11.2.3 Polynomial Regression
Extends linear regression to model non-linear relationships.
# Fit polynomial model
poly_model <- lm(Petal.Length ~ poly(Sepal.Length, 2), data = iris)
# Print summary
summary(poly_model)
##
## Call:
## lm(formula = Petal.Length ~ poly(Sepal.Length, 2), data = iris)
##
## Residuals:
## Min 1Q Median 3Q Max
## -2.6751 -0.5138 0.1218 0.5356 2.6287
##
## Coefficients:
## Estimate Std. Error t value Pr(>|t|)
## (Intercept) 3.75800 0.06847 54.888 < 2e-16 ***
## poly(Sepal.Length, 2)1 18.78473 0.83854 22.402 < 2e-16 ***
## poly(Sepal.Length, 2)2 -2.84550 0.83854 -3.393 0.000887 ***
## ---
## Signif. codes: 0 '***' 0.001 '**' 0.01 '*' 0.05 '.' 0.1 ' ' 1
##
## Residual standard error: 0.8385 on 147 degrees of freedom
## Multiple R-squared: 0.7774, Adjusted R-squared: 0.7744
## F-statistic: 256.7 on 2 and 147 DF, p-value: < 2.2e-16
ggplot(iris, aes(x = Sepal.Length, y = Petal.Length)) +
geom_point(color = "steelblue") +
geom_smooth(method = "lm", formula = y ~ poly(x, 2), se = FALSE, color = "darkorange") +
ggtitle("Polynomial Regression: Sepal Length vs Petal Length") +
xlab("Sepal Length (cm)") +
ylab("Petal Length (cm)") +
theme_minimal(base_size = 14) +
theme(plot.title = element_text(size = 16, hjust = 0.5, color = "darkorange"))

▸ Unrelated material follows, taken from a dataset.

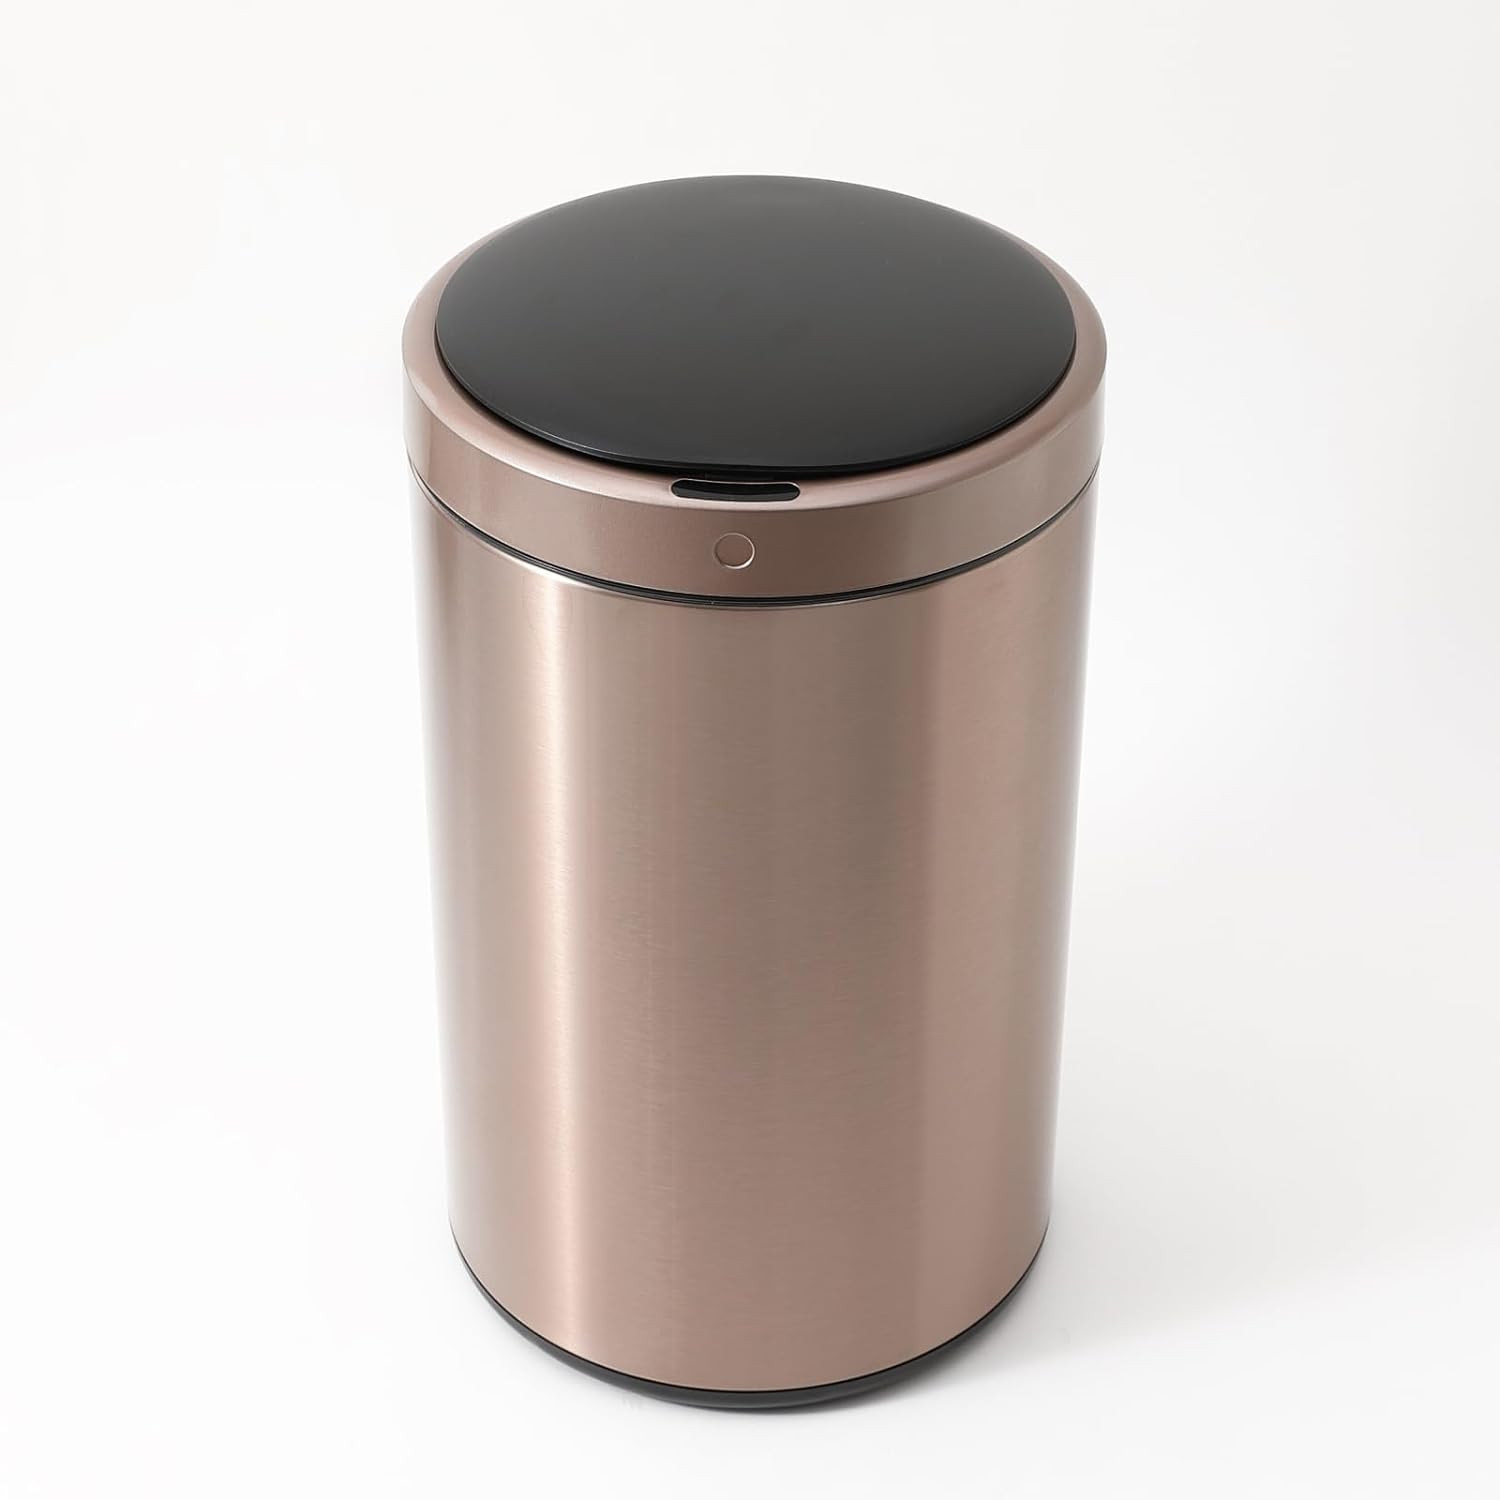 Kuber Industries Sensor Dustbin | Round Sensor Dustbin | Touchless Trash Can | Smart Dustbin for Bedroom-Office-Living Room | Automatic Garbage Can | HN-ZY-RG-12L | Rose Gold

Used when the dependent variable is categorical.
# Fit logistic regression model
logistic_model <- glm(Species ~ Petal.Length + Petal.Width, data = iris, family = "binomial")
# Print summary
summary(logistic_model)
##
## Call:
## glm(formula = Species ~ Petal.Length + Petal.Width, family = "binomial",
## data = iris)
##
## Deviance Residuals:
## Min 1Q Median 3Q Max
## -3.970e-05 -2.100e-08 2.100e-08 2.100e-08 4.718e-05
##
## Coefficients:
## Estimate Std. Error z value Pr(>|z|)
## (Intercept) -69.45 43042.94 -0.002 0.999
## Petal.Length 17.60 43449.07 0.000 1.000
## Petal.Width 33.89 115850.84 0.000 1.000
##
## (Dispersion parameter for binomial family taken to be 1)
##
## Null deviance: 1.9095e+02 on 149 degrees of freedom
## Residual deviance: 5.1700e-09 on 147 degrees of freedom
## AIC: 6
##
## Number of Fisher Scoring iterations: 25
library(ggplot2)
ggplot(iris, aes(x = Petal.Length, y = Petal.Width, color = Species)) +
geom_point(size = 3) +
ggtitle("Logistic Regression: Decision Boundary") +
xlab("Petal Length (cm)") +
ylab("Petal Width (cm)") +
theme_minimal(base_size = 14) +
theme(plot.title = element_text(size = 16, hjust = 0.5, color = "purple"))
11.2.4 Ridge and Lasso Regression
Used to handle multicollinearity and feature selection in datasets with many predictors.
Example: Regularized regression with glmnet
library(glmnet)
# Prepare data
x <- as.matrix(iris[, 1:4])
y <- as.numeric(iris$Species)
# Fit ridge regression
ridge_model <- glmnet(x, y, alpha = 0)
# Fit lasso regression
lasso_model <- glmnet(x, y, alpha = 1)
Plot the coefficient paths for ridge and lasso regression.
11.3 Summary
In this chapter, we explored various regression techniques, from simple linear models to more advanced methods like logistic, ridge, and lasso regression, using the Iris dataset as an example. Custom visualizations were created for each method, emphasizing clear, publication-quality designs with tailored aesthetics. Understanding these regression techniques equips analysts with the tools to model and interpret complex relationships in real-world datasets.